> Assignment:
If any record holds an image, omit the image and print the rest exactly.

- Opening Delimiter -

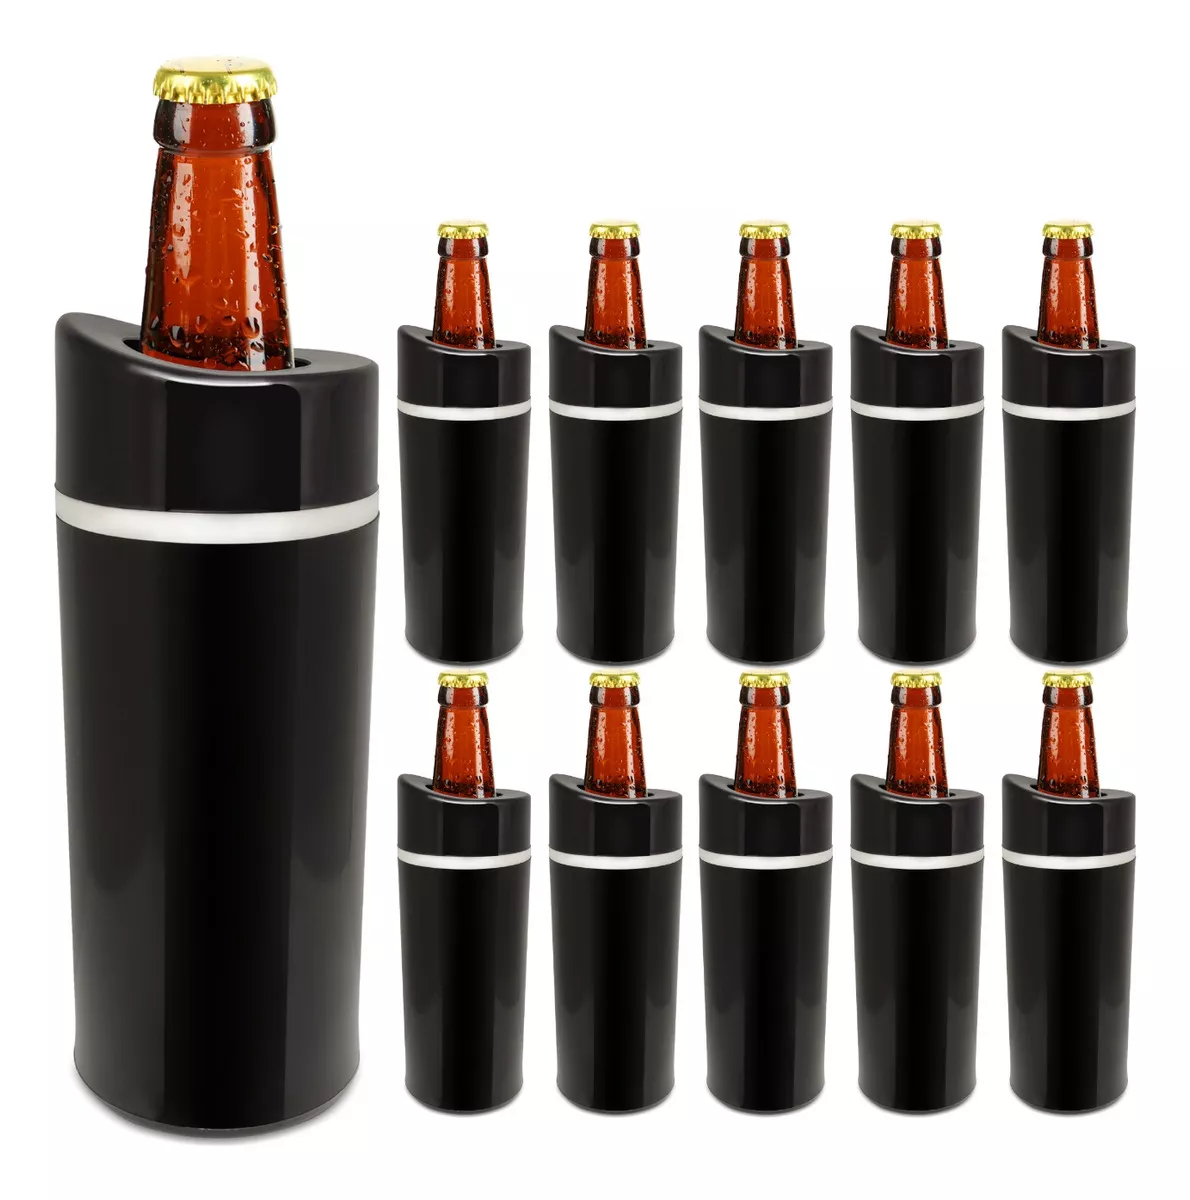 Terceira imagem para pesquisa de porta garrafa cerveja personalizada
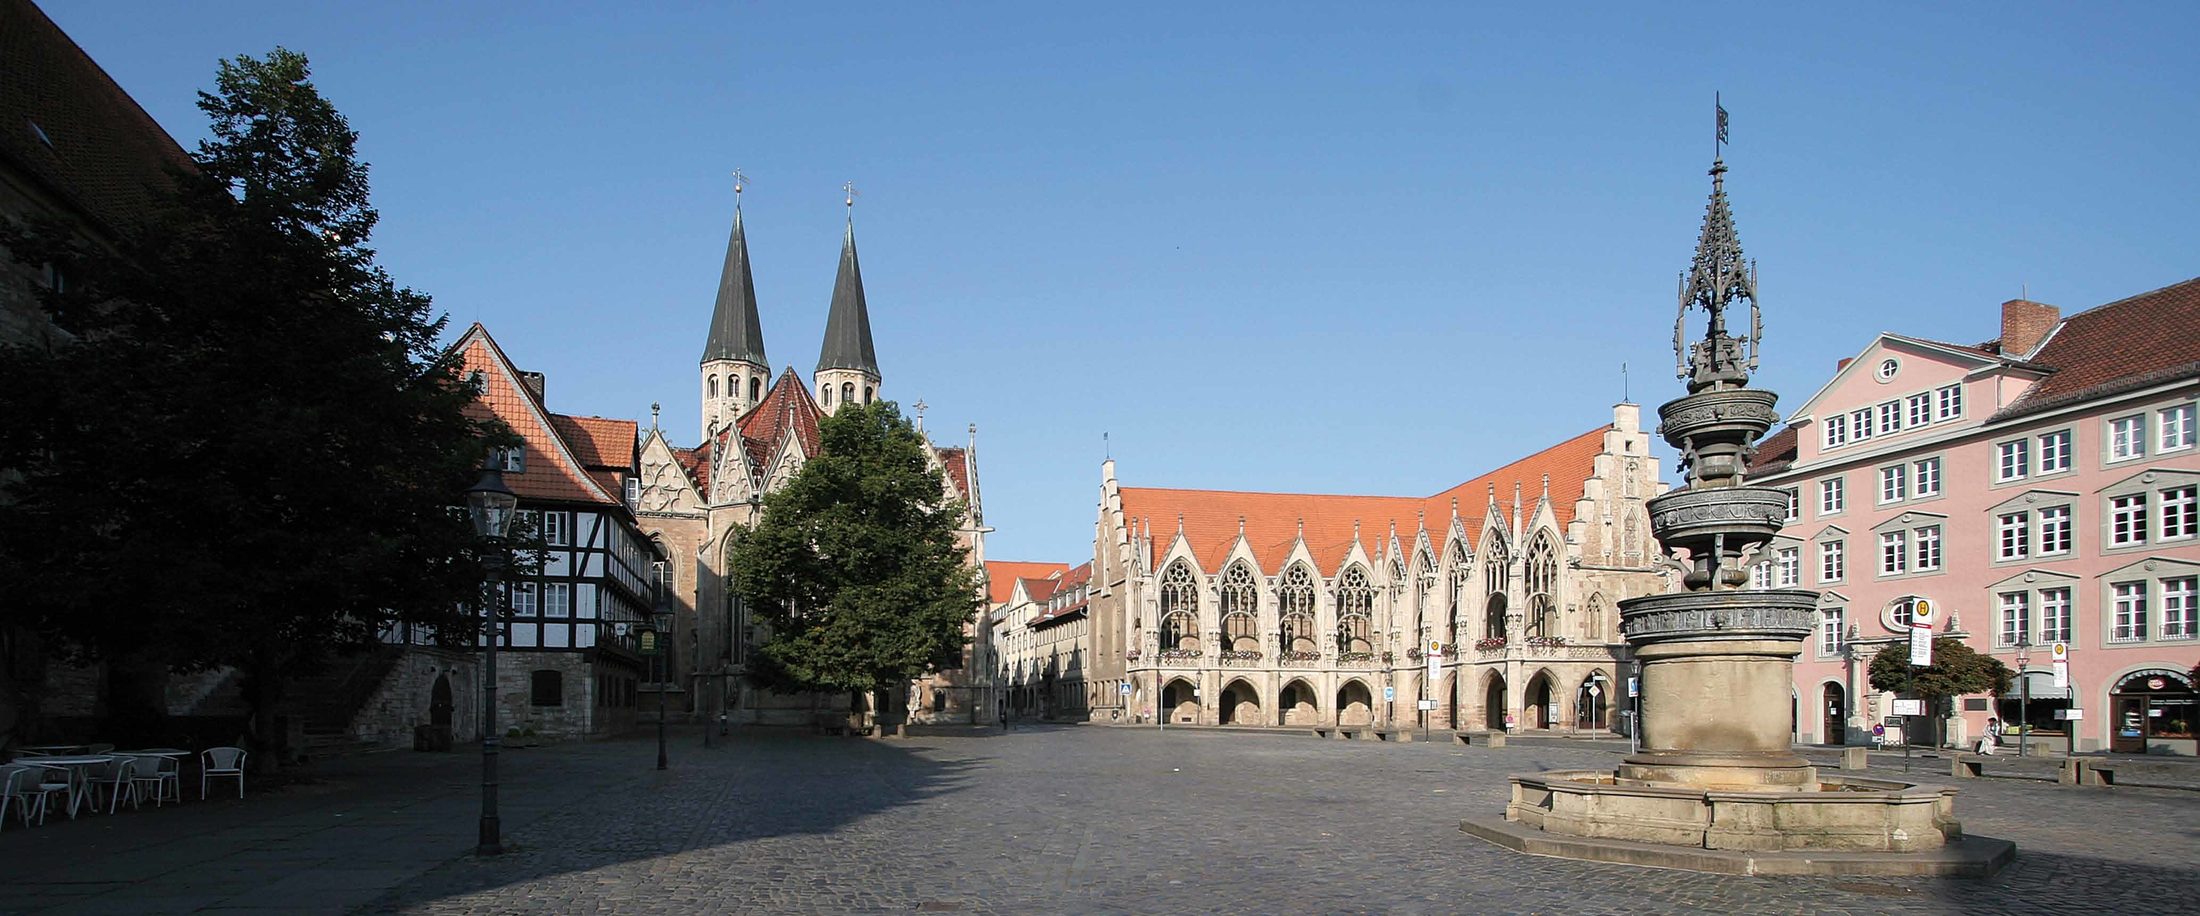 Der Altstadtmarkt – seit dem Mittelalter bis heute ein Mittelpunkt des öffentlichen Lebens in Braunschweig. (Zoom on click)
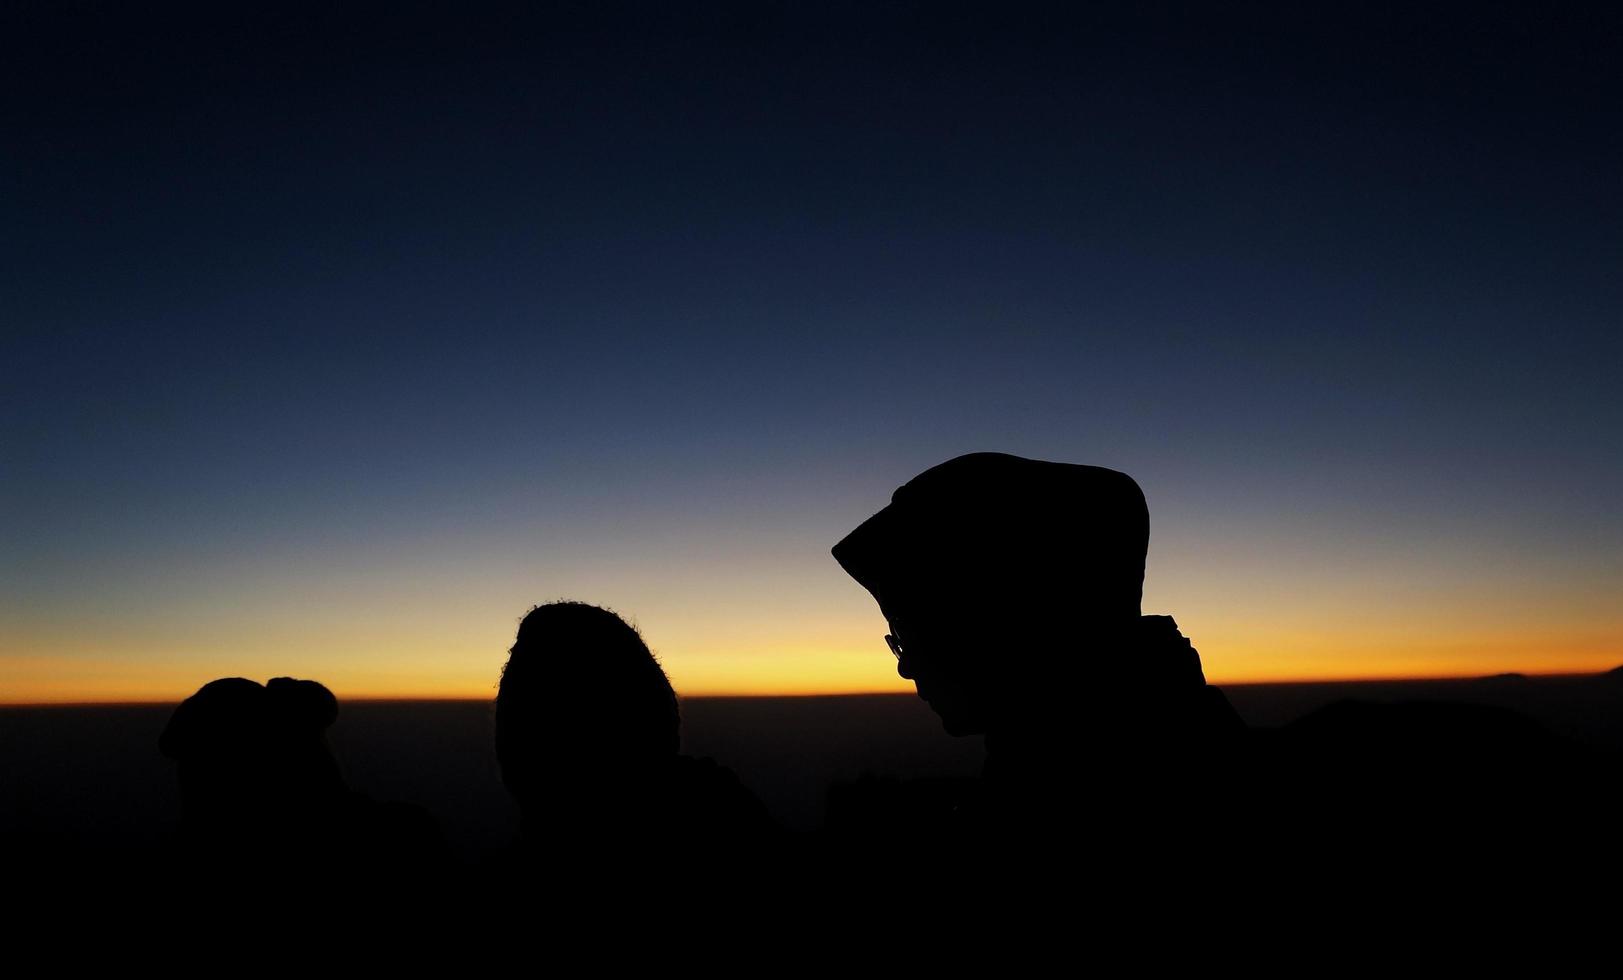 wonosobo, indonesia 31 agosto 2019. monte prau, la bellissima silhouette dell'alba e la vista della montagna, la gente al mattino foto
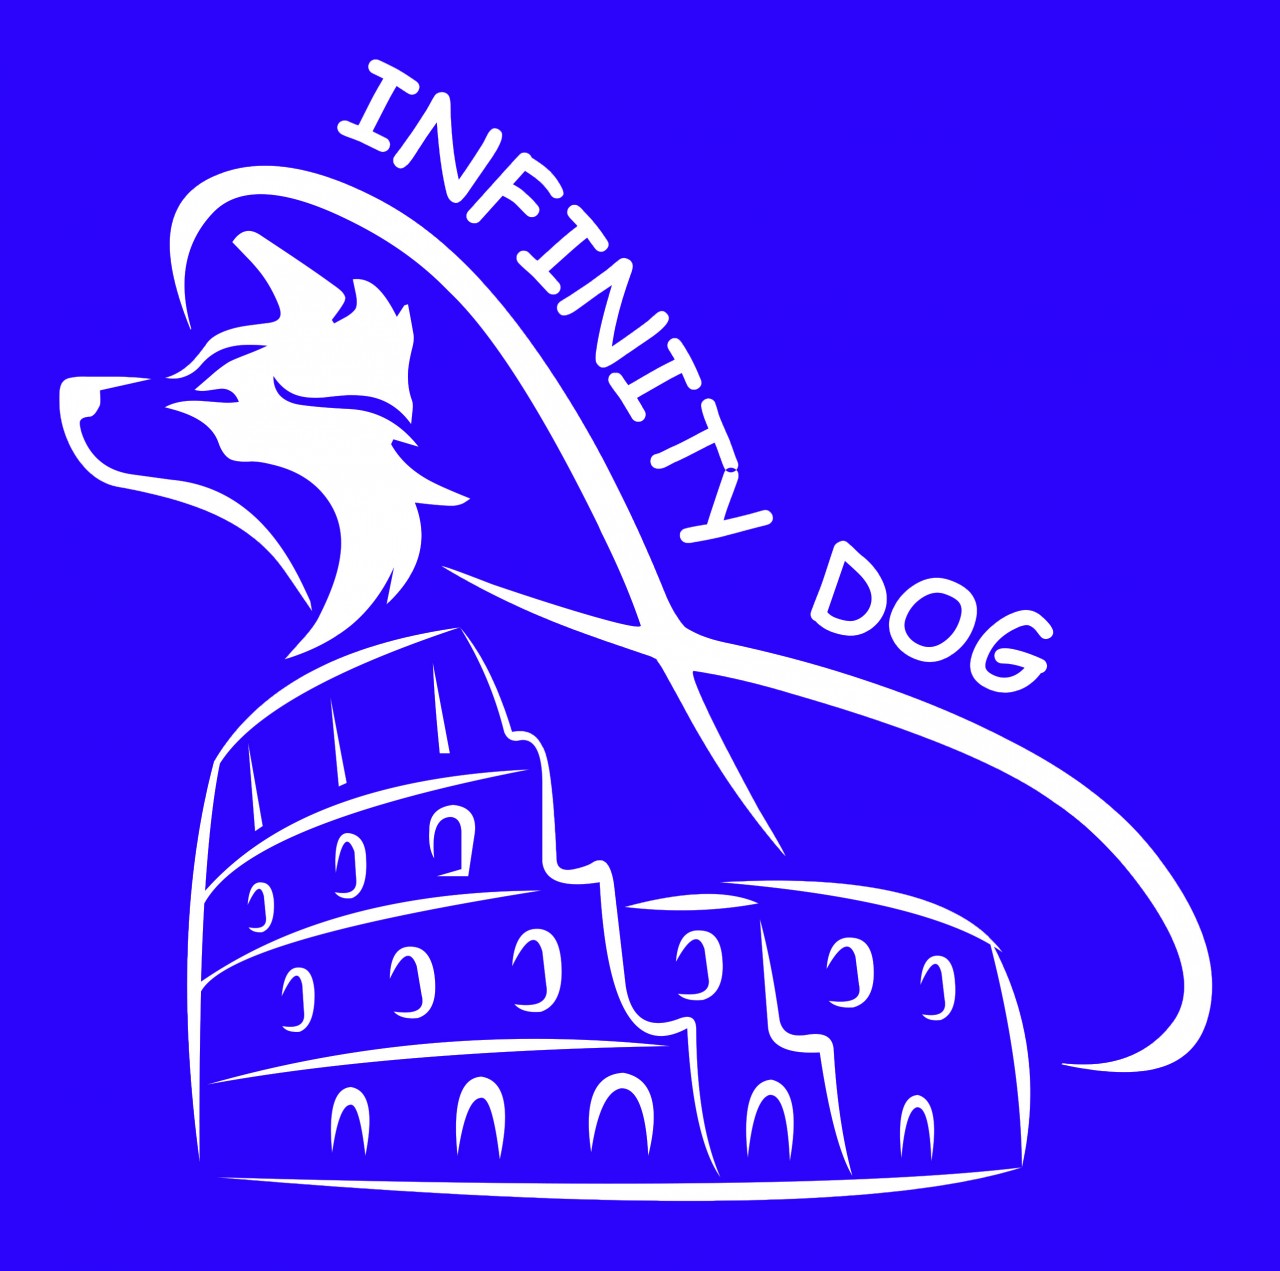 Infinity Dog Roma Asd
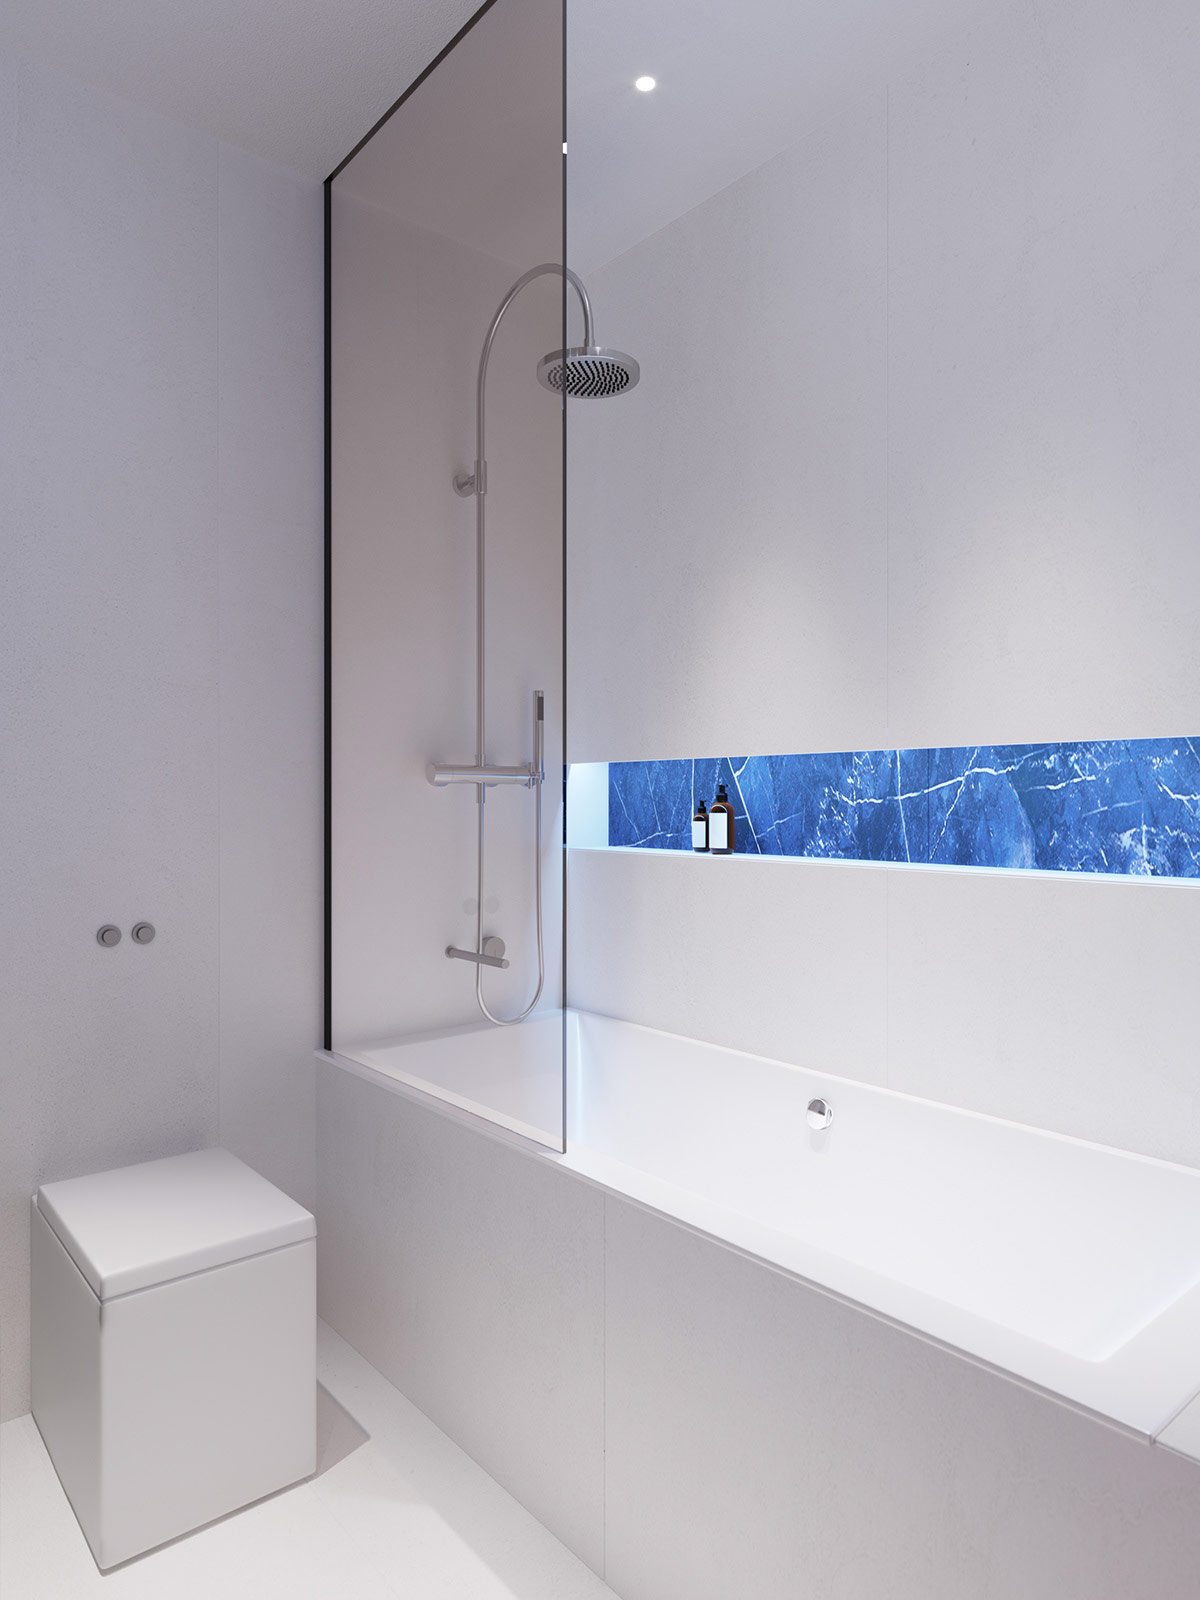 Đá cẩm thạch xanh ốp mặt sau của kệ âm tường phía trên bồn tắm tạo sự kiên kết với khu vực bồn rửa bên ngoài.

- Closing Delimiter -

> Task answer:
 Terceira imagem para pesquisa de porta garrafa cerveja personalizada
 Der Altstadtmarkt – seit dem Mittelalter bis heute ein Mittelpunkt des öffentlichen Lebens in Braunschweig. (Zoom on click)
 wonosobo, indonesia 31 agosto 2019. monte prau, la bellissima silhouette dell'alba e la vista della montagna, la gente al mattino foto
 Infinity Dog Roma Asd
 Đá cẩm thạch xanh ốp mặt sau của kệ âm tường phía trên bồn tắm tạo sự kiên kết với khu vực bồn rửa bên ngoài.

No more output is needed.